What the exercise asks:
Could you retype the material, starting at its first line and ending with the line holding "Узбекские товары. Узбекская", and keep the pictures out?

Information supplied:
━━━━━━━━━━

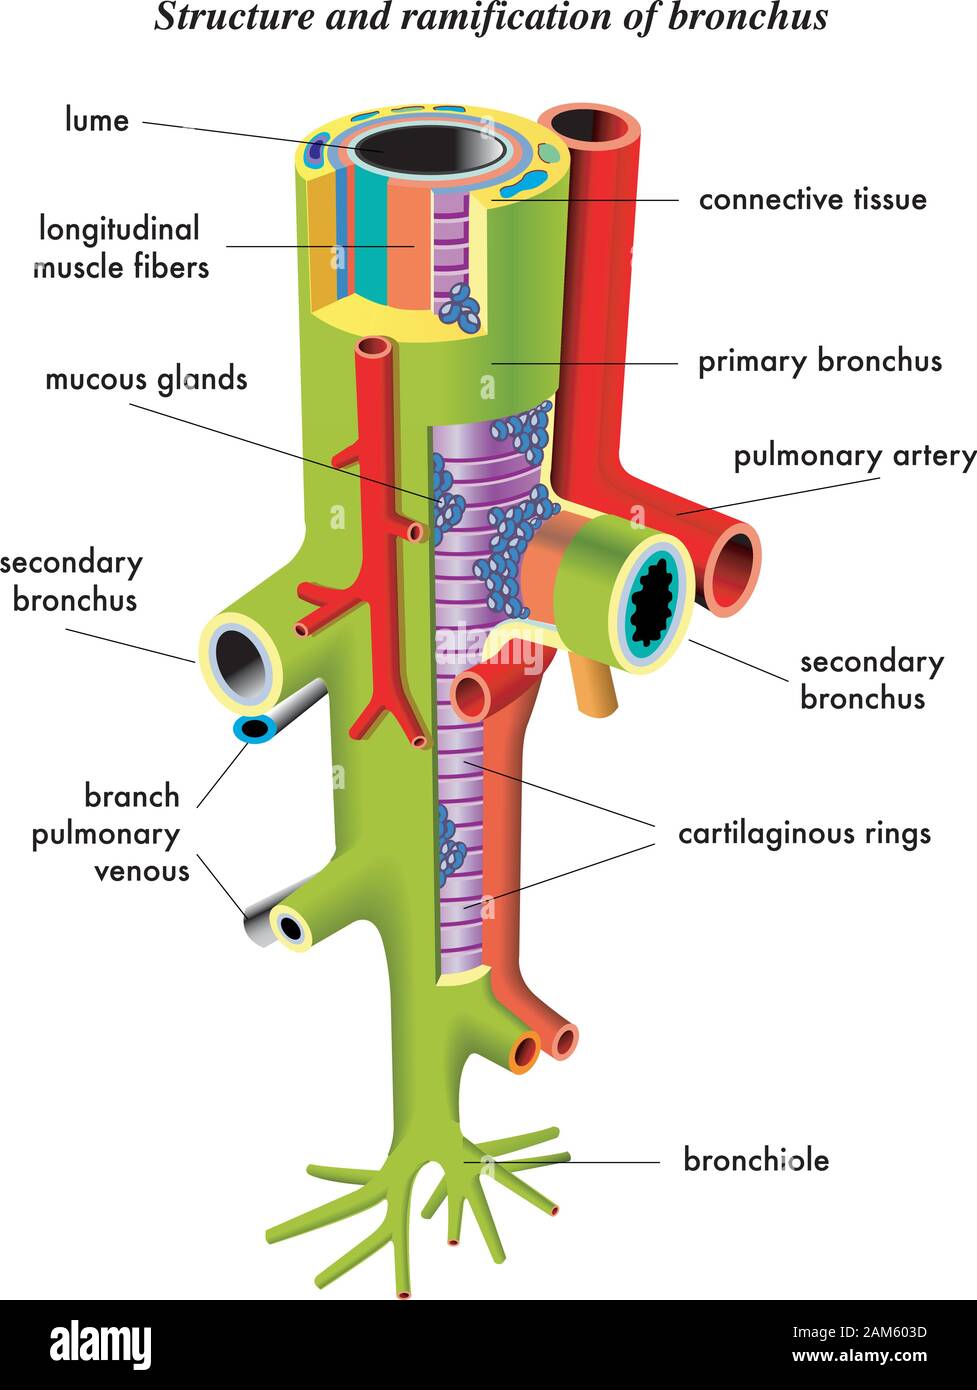 Anatomische Abbildung und Beschreibung des Bronchus. Stock Vektor
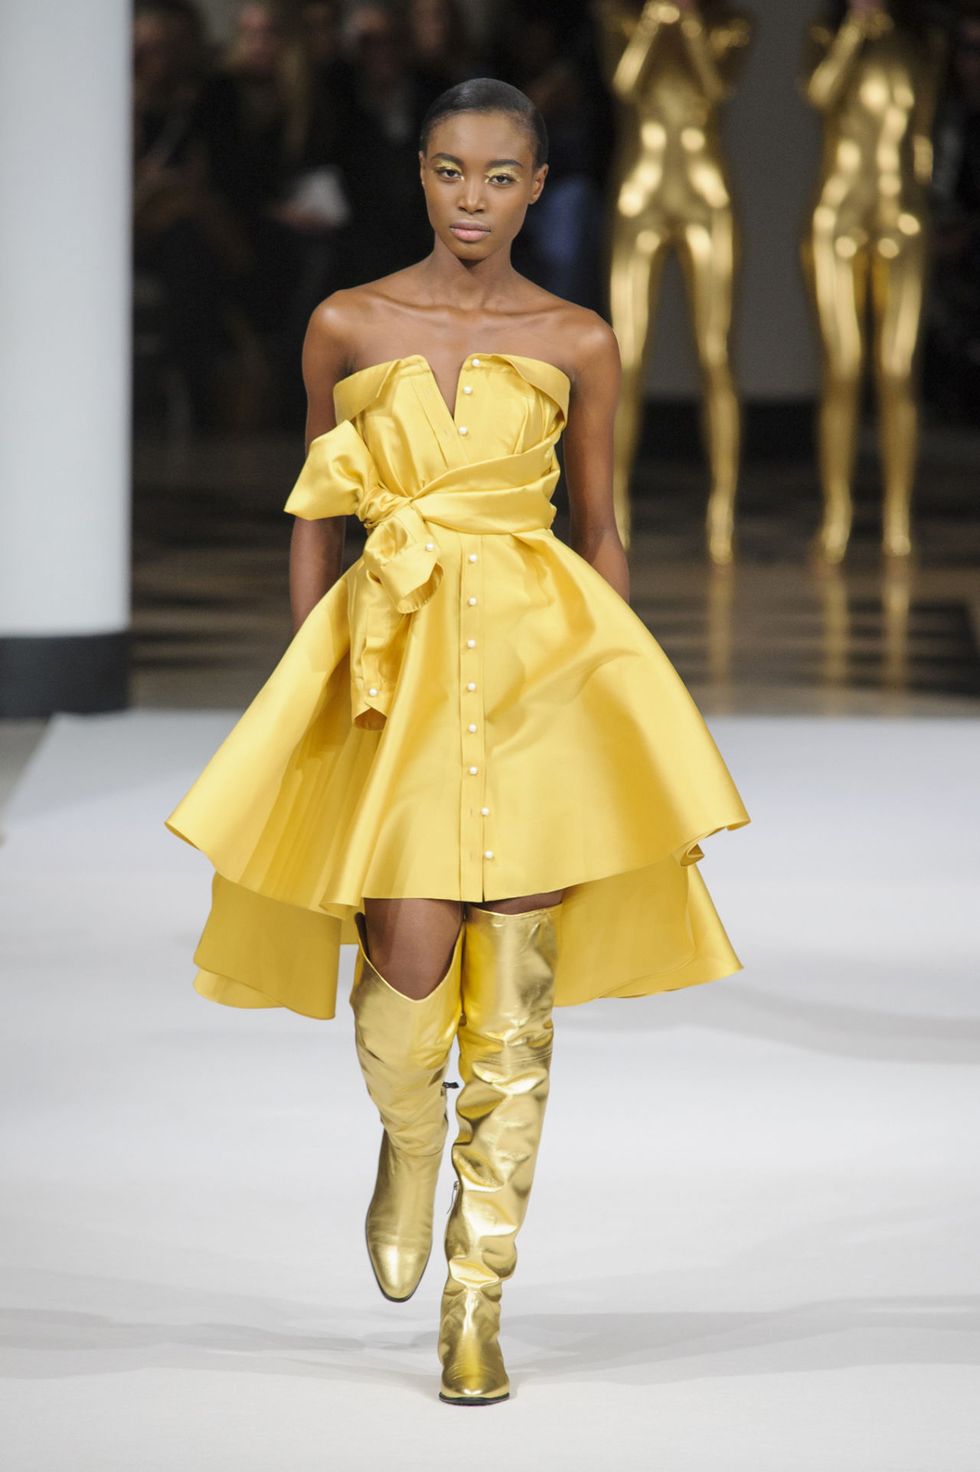 Dalle passerelle della Parigi Fashion Week risplendono solo vestiti eleganti oro, il vero lusso per le tue serate glam: abiti scintillanti, lucenti e riflettenti realizzati in tessuti dorati a 24 carati
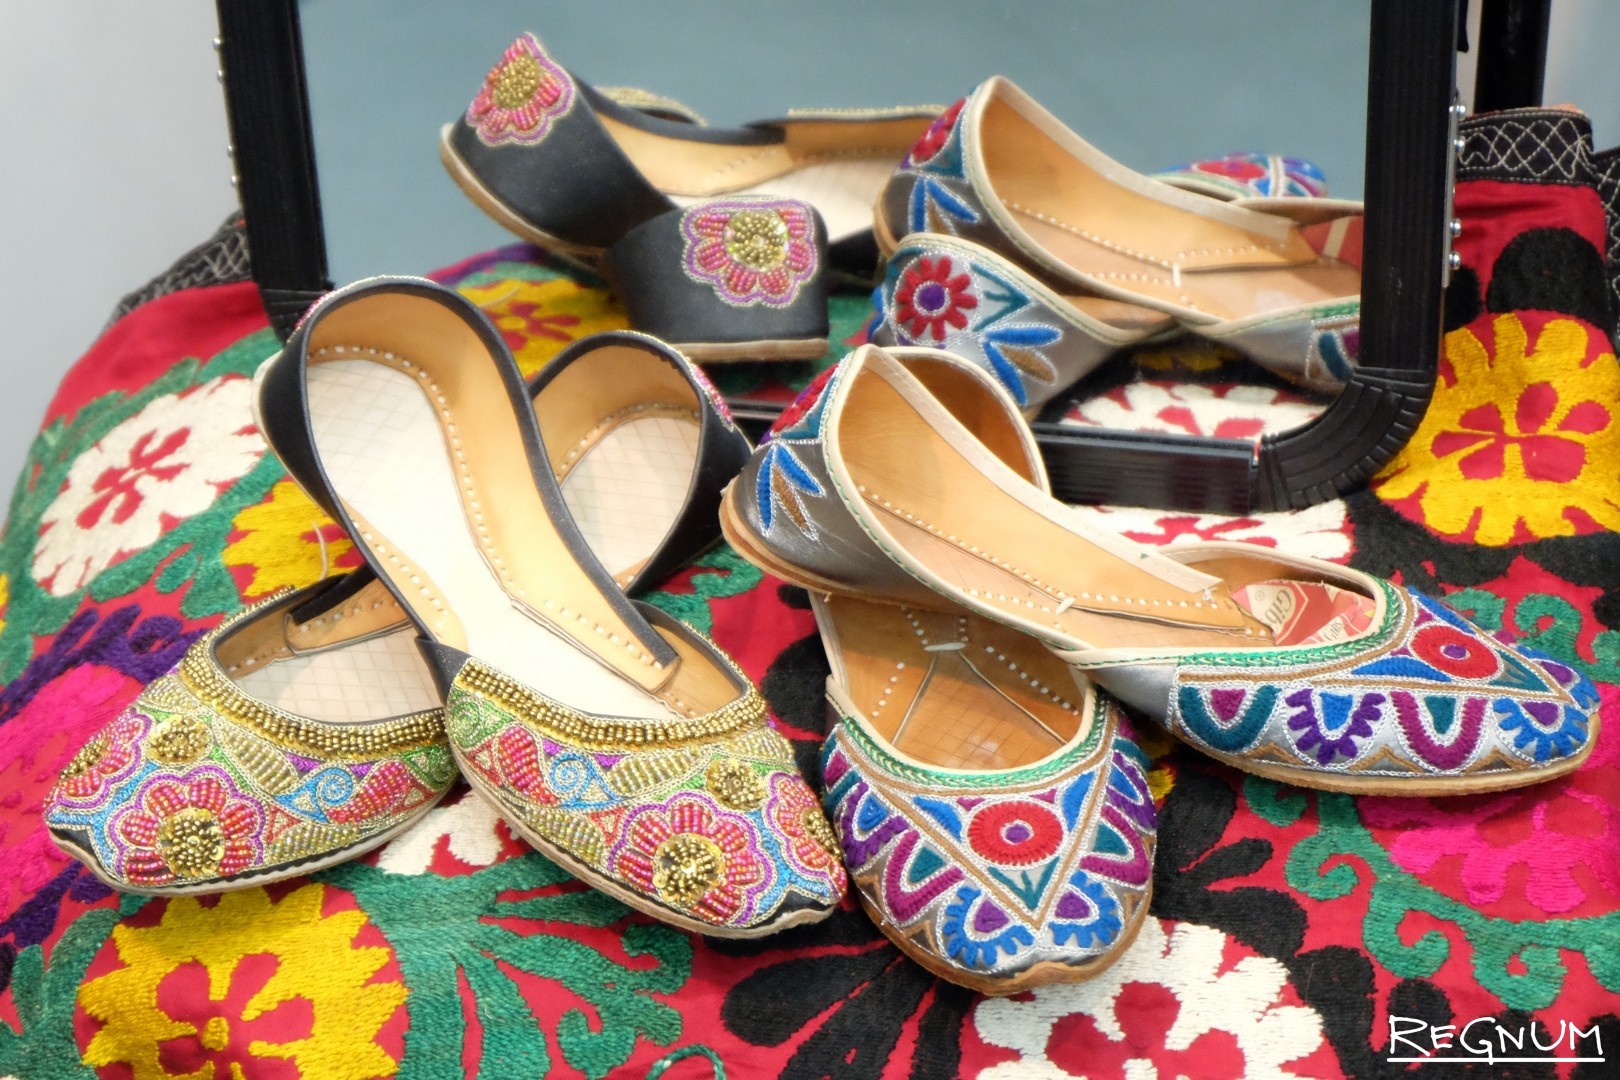 Узбекские товары. Узбекская обувь. Узбекистанские вещи. Узбекская женская обувь. Узбекская Национальная обувь.
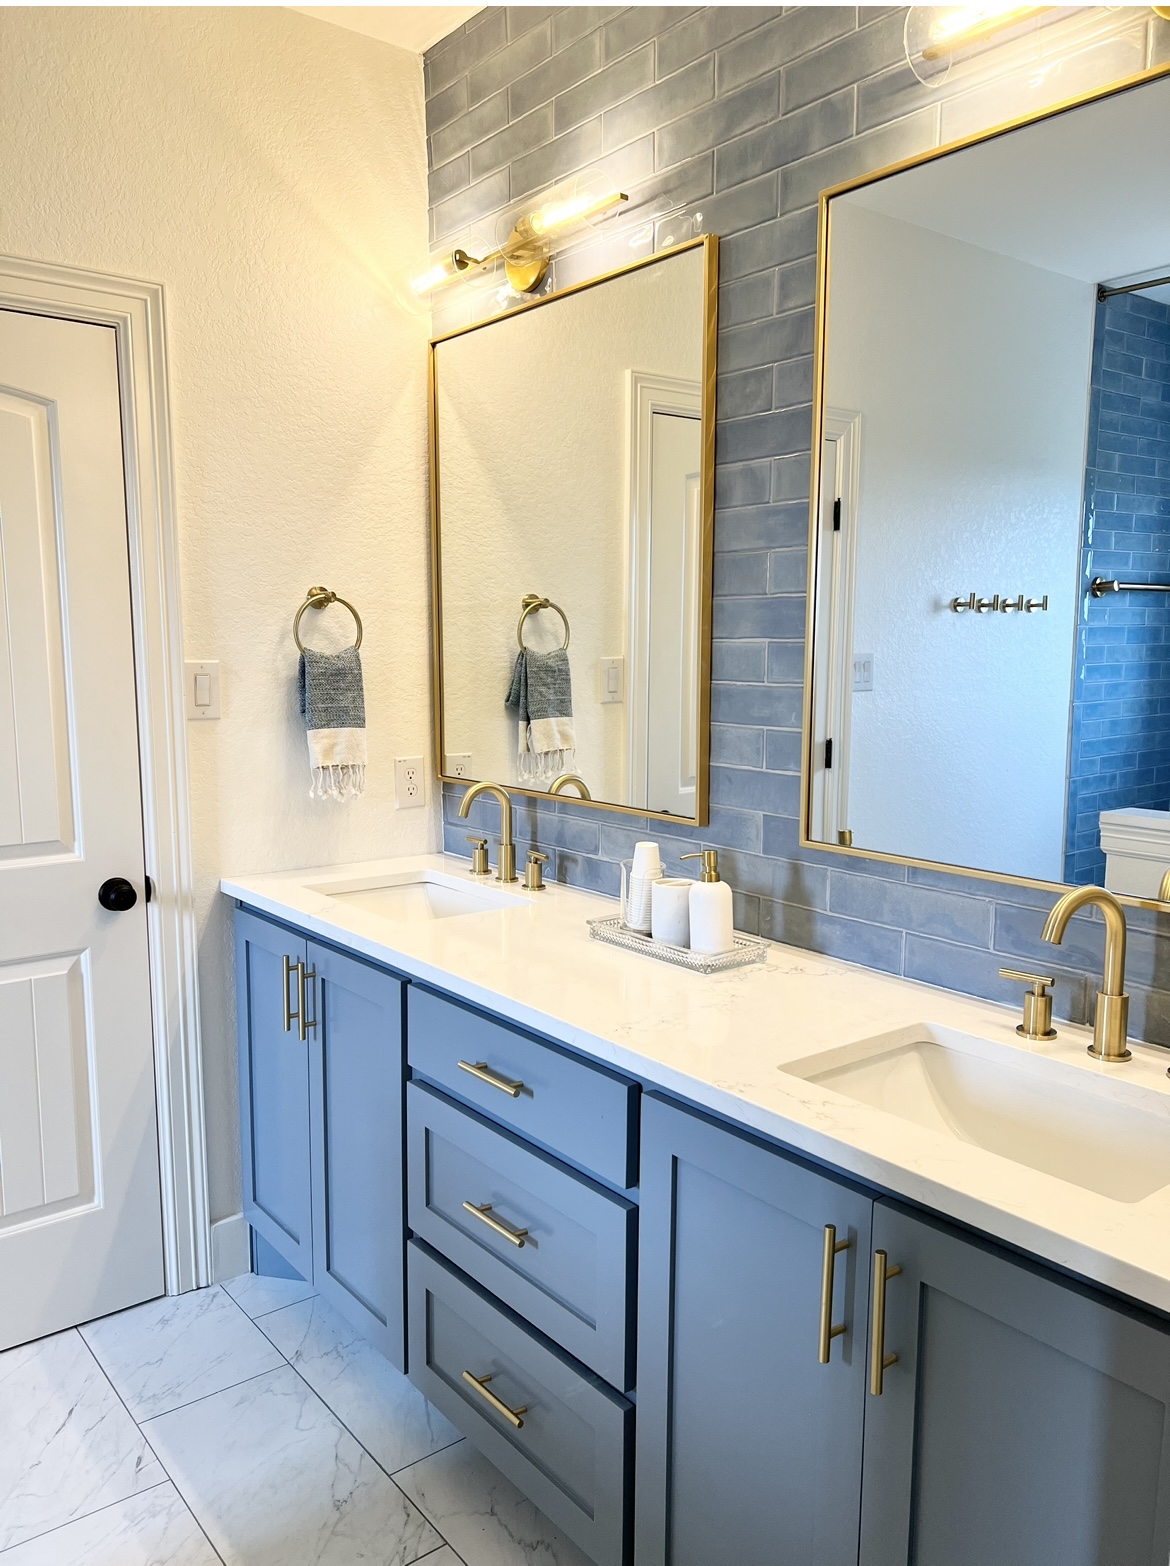 Jack 'n Jill bathroom interior design by San Antonio Interior designer Revive Design

━━━━━━━━━━

Answer box:
 Anatomische Abbildung und Beschreibung des Bronchus. Stock Vektor
 Dalle passerelle della Parigi Fashion Week risplendono solo vestiti eleganti oro, il vero lusso per le tue serate glam: abiti scintillanti, lucenti e riflettenti realizzati in tessuti dorati a 24 carati
 Узбекские товары. Узбекская обувь. Узбекистанские вещи. Узбекская женская обувь. Узбекская Национальная обувь.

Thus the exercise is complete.